:: RECORDED DATA

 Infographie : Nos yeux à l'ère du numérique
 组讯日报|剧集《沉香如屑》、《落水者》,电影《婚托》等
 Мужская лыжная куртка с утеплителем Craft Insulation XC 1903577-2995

::::
:: RECORDED DATA

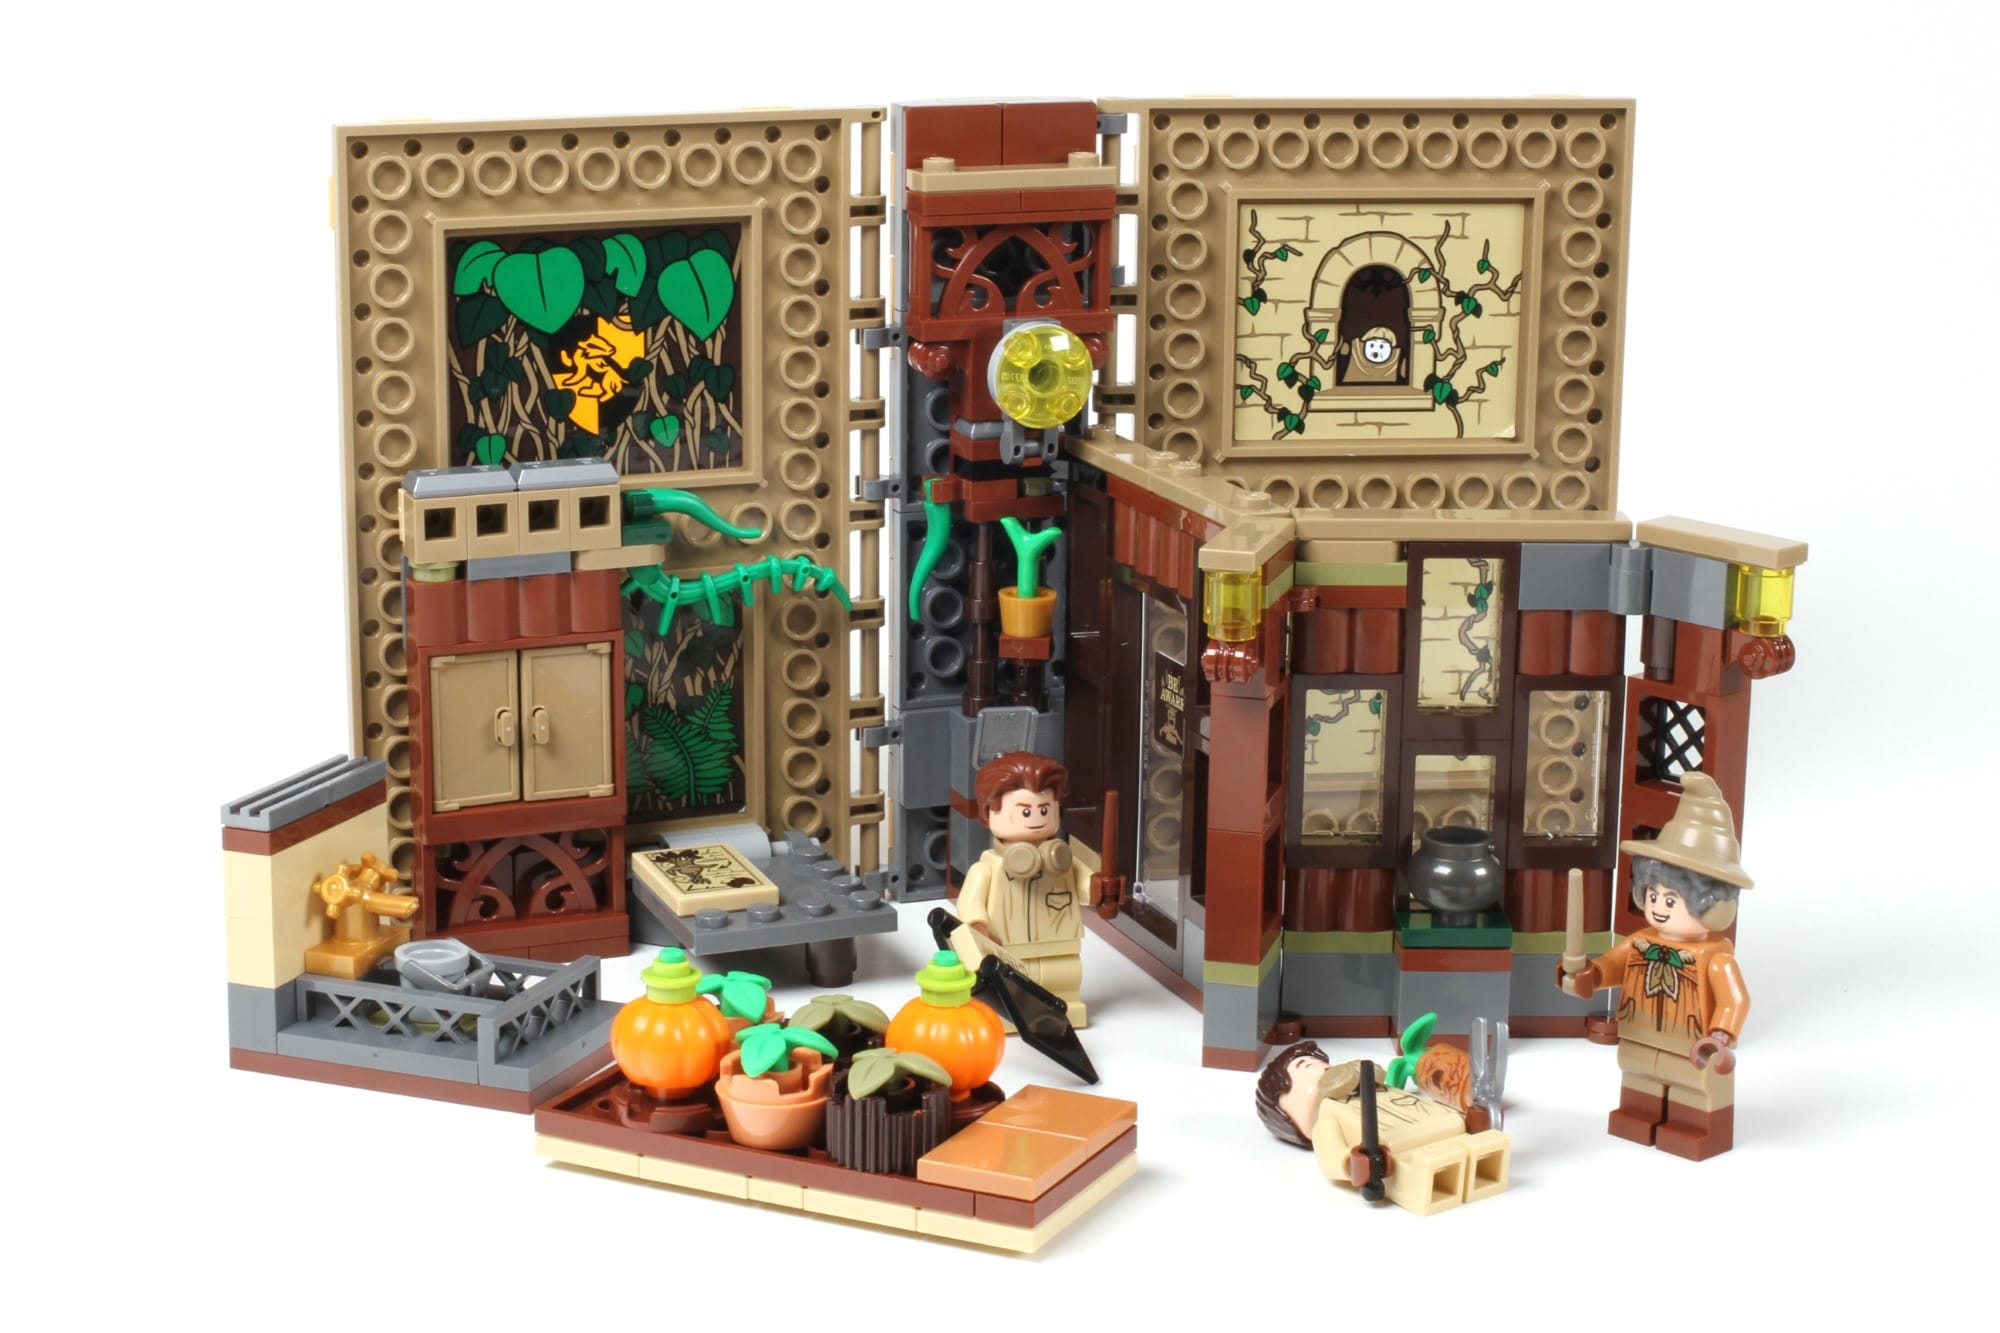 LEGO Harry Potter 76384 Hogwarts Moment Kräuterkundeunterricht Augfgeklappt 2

::::
:: RECORDED DATA

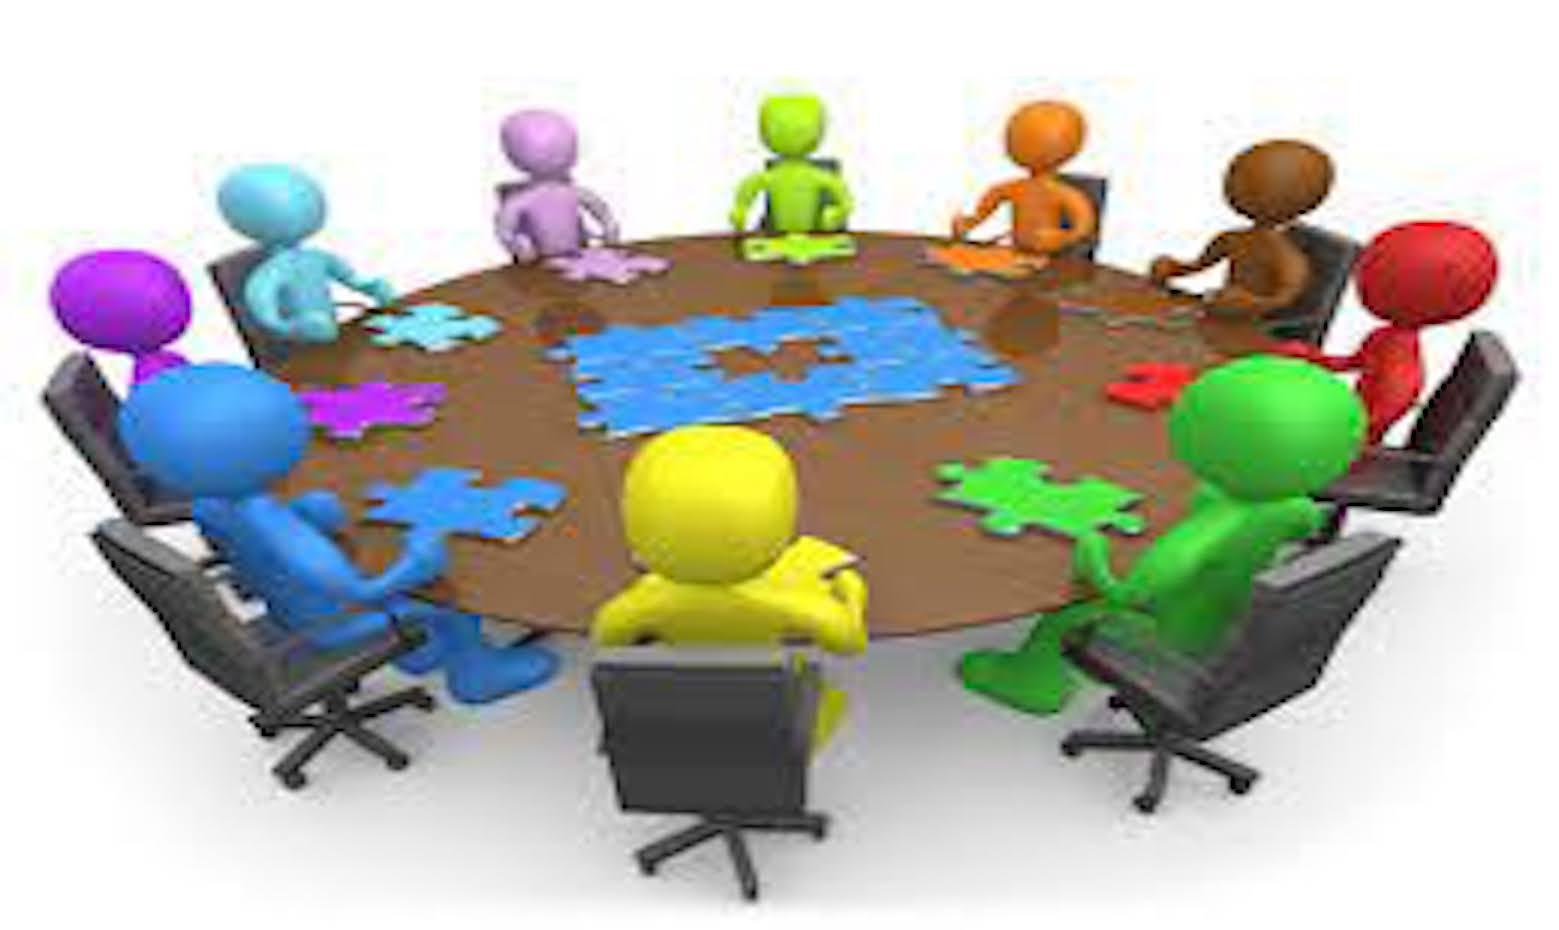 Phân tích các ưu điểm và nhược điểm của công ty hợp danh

::::

▶ WHAT TO DO
Every line above from the line with "Infographie : Nos yeux à l'ère du numérique" to the line with "Мужская лыжная куртка", both included, must be reproduced exactly, and no other line may appear.

▶ ANSWER SECTION
 Infographie : Nos yeux à l'ère du numérique
 组讯日报|剧集《沉香如屑》、《落水者》,电影《婚托》等
 Мужская лыжная куртка с утеплителем Craft Insulation XC 1903577-2995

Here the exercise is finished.